BEGIN
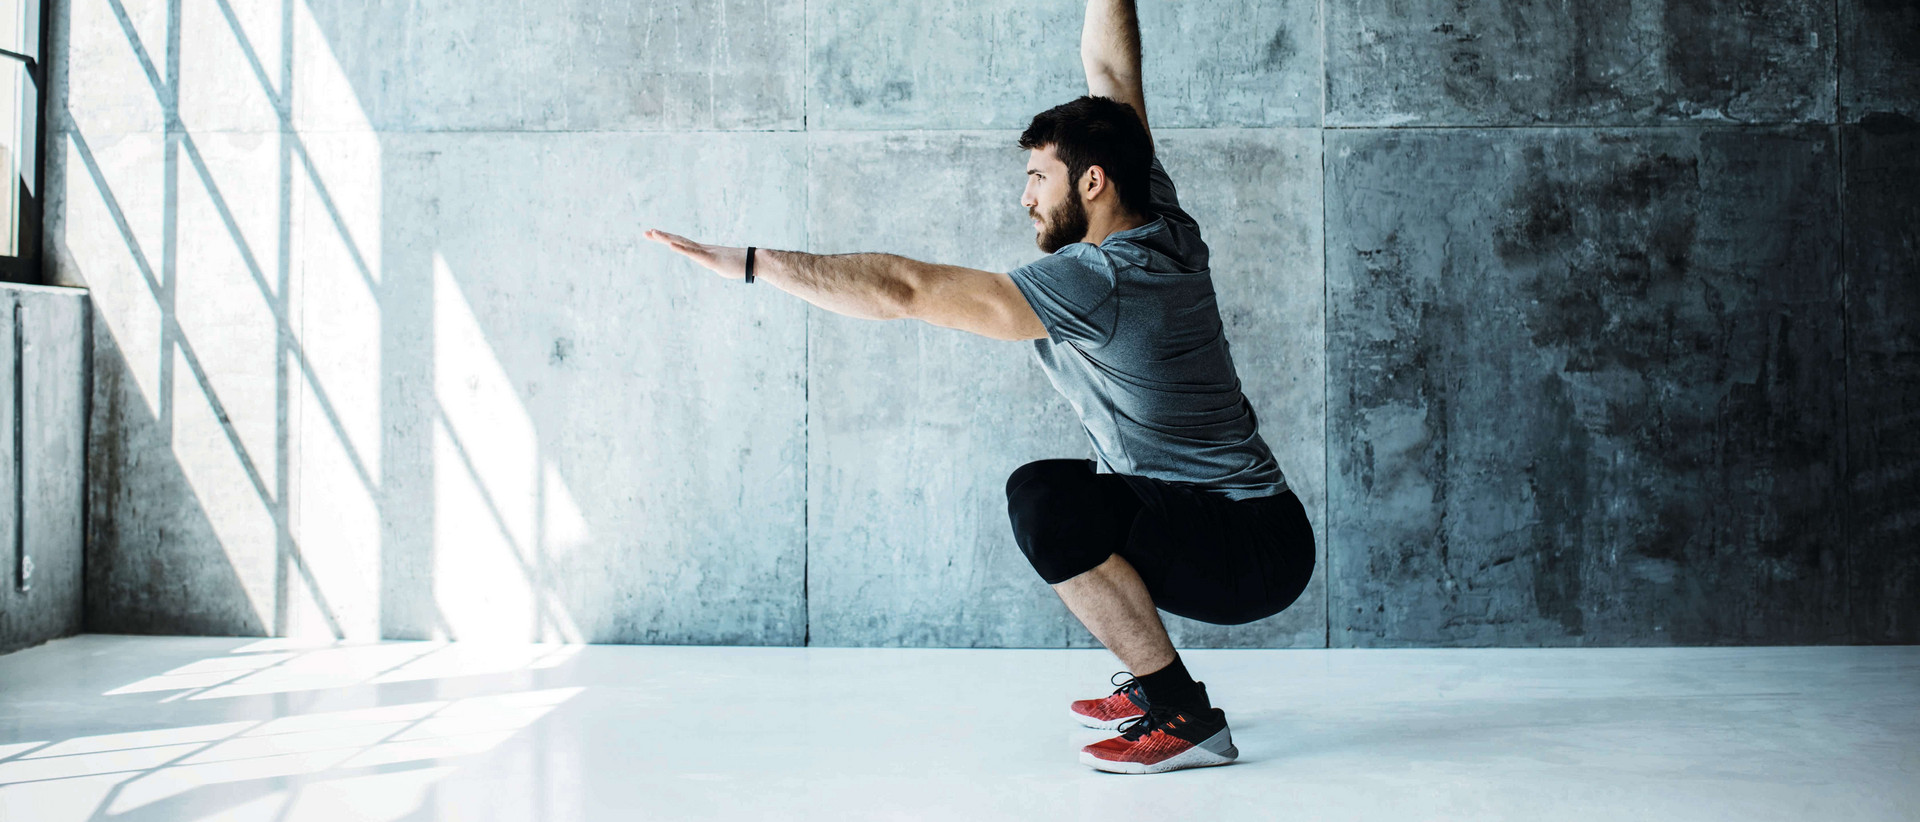 Ein Mann steht in einer kargen Fitnesshalle vor grauer Betonwand in einer tief gebeugten Squat-Position. Sein linker Armer ist nach vorn ausgestreckt, mit dem rechten stemmt er ein Gewicht nach oben.
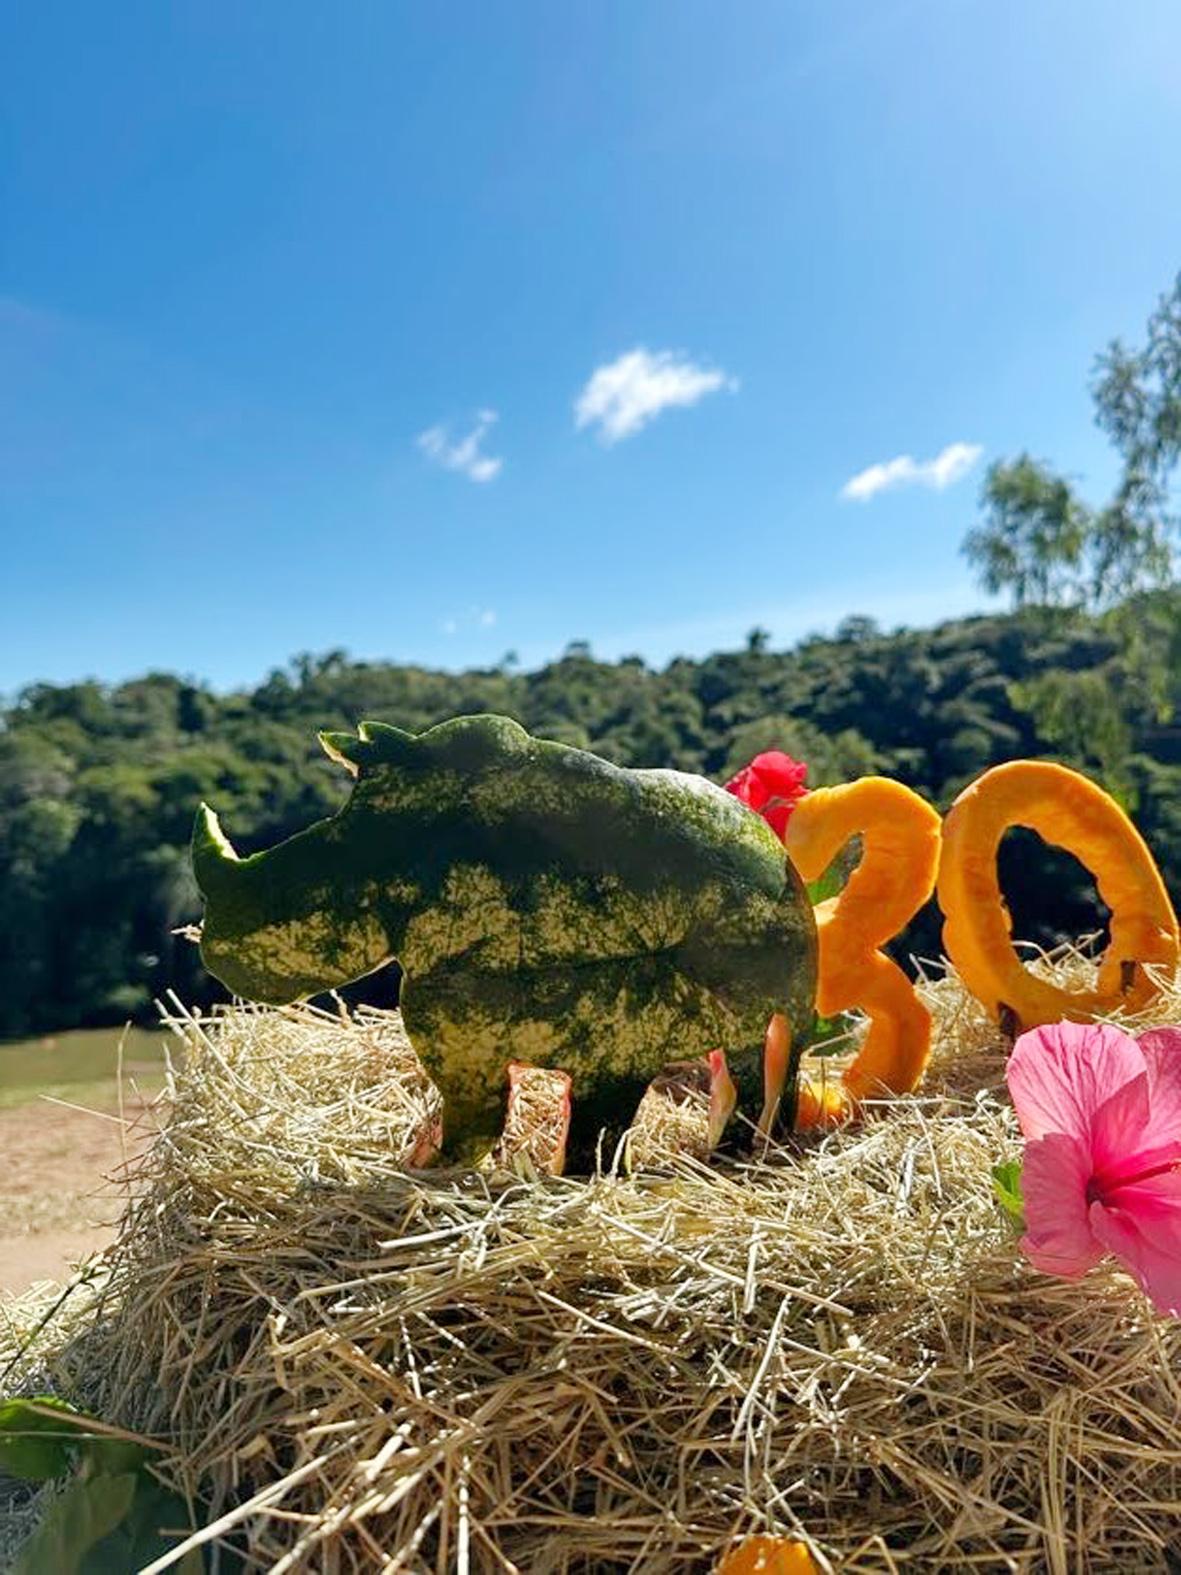 Reconhecido mundialmente, Zooparque Itatiba completa 30 anos
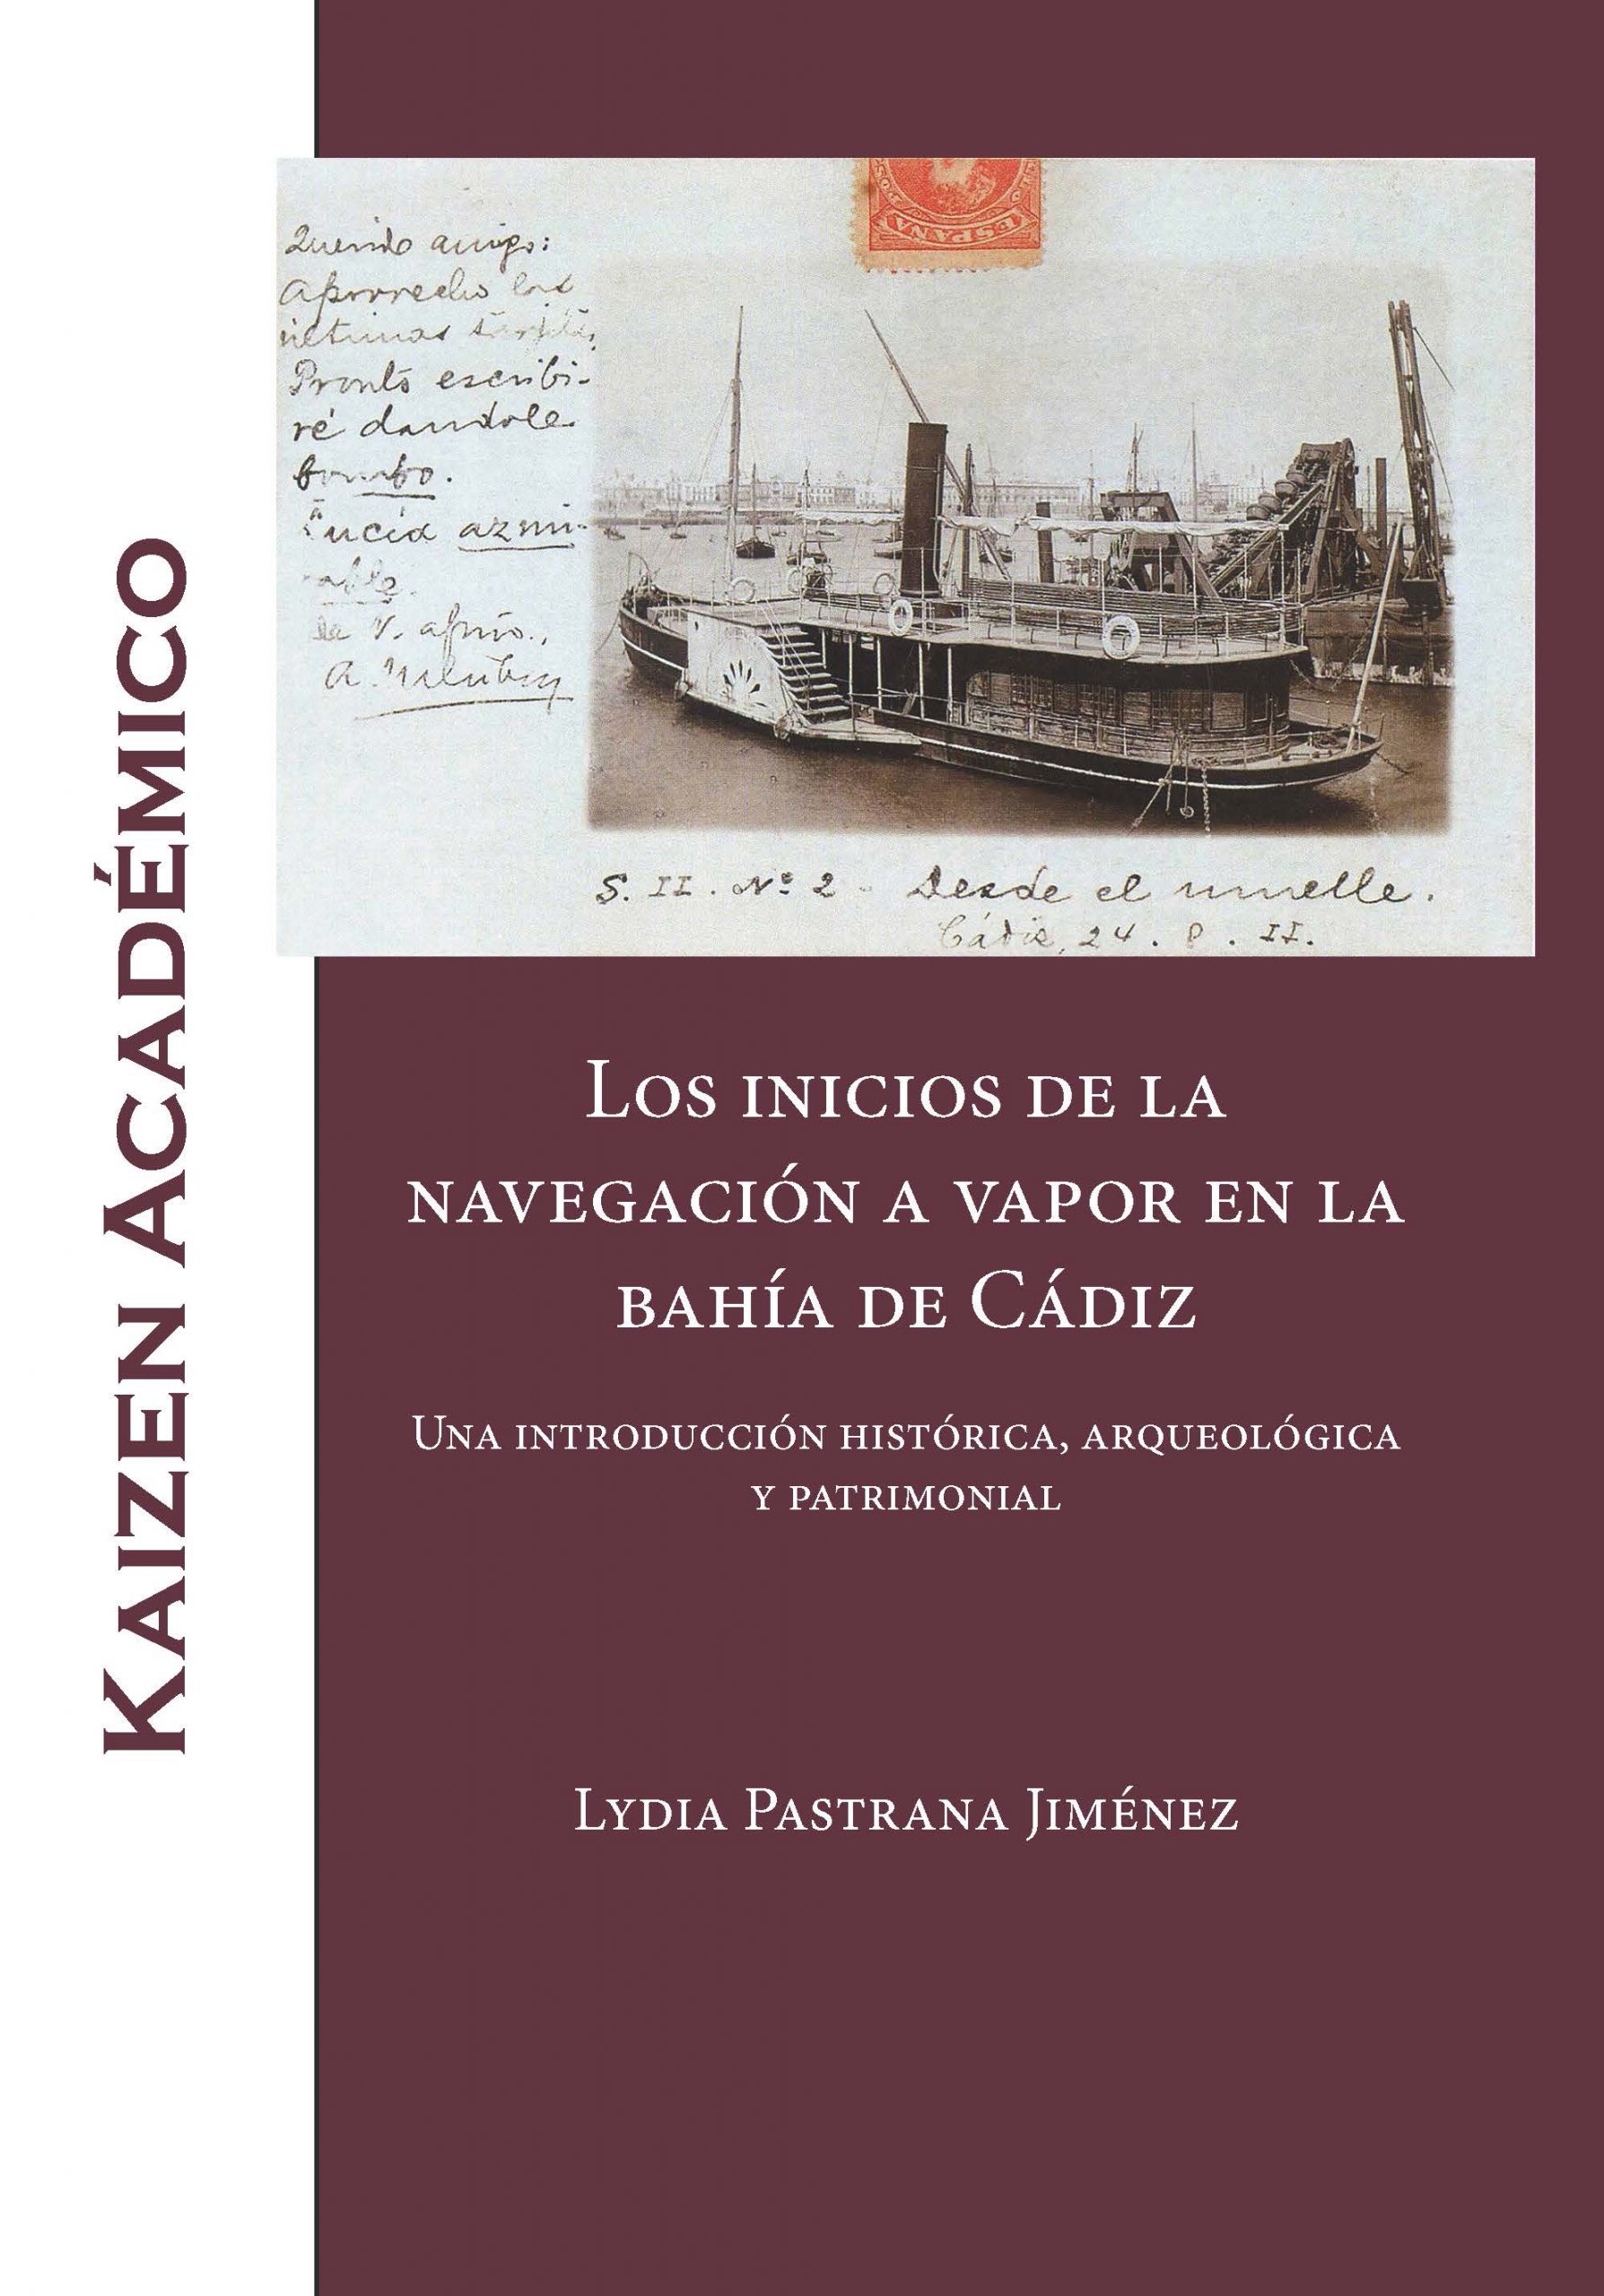 Los inicios de la navegación a vapor en la bahía de Cádiz
END
ABOUT THIS TASK: Give back the material above exactly, but without its images.

FINISHED EXERCISE:
 Ein Mann steht in einer kargen Fitnesshalle vor grauer Betonwand in einer tief gebeugten Squat-Position. Sein linker Armer ist nach vorn ausgestreckt, mit dem rechten stemmt er ein Gewicht nach oben.
 Reconhecido mundialmente, Zooparque Itatiba completa 30 anos
 Los inicios de la navegación a vapor en la bahía de Cádiz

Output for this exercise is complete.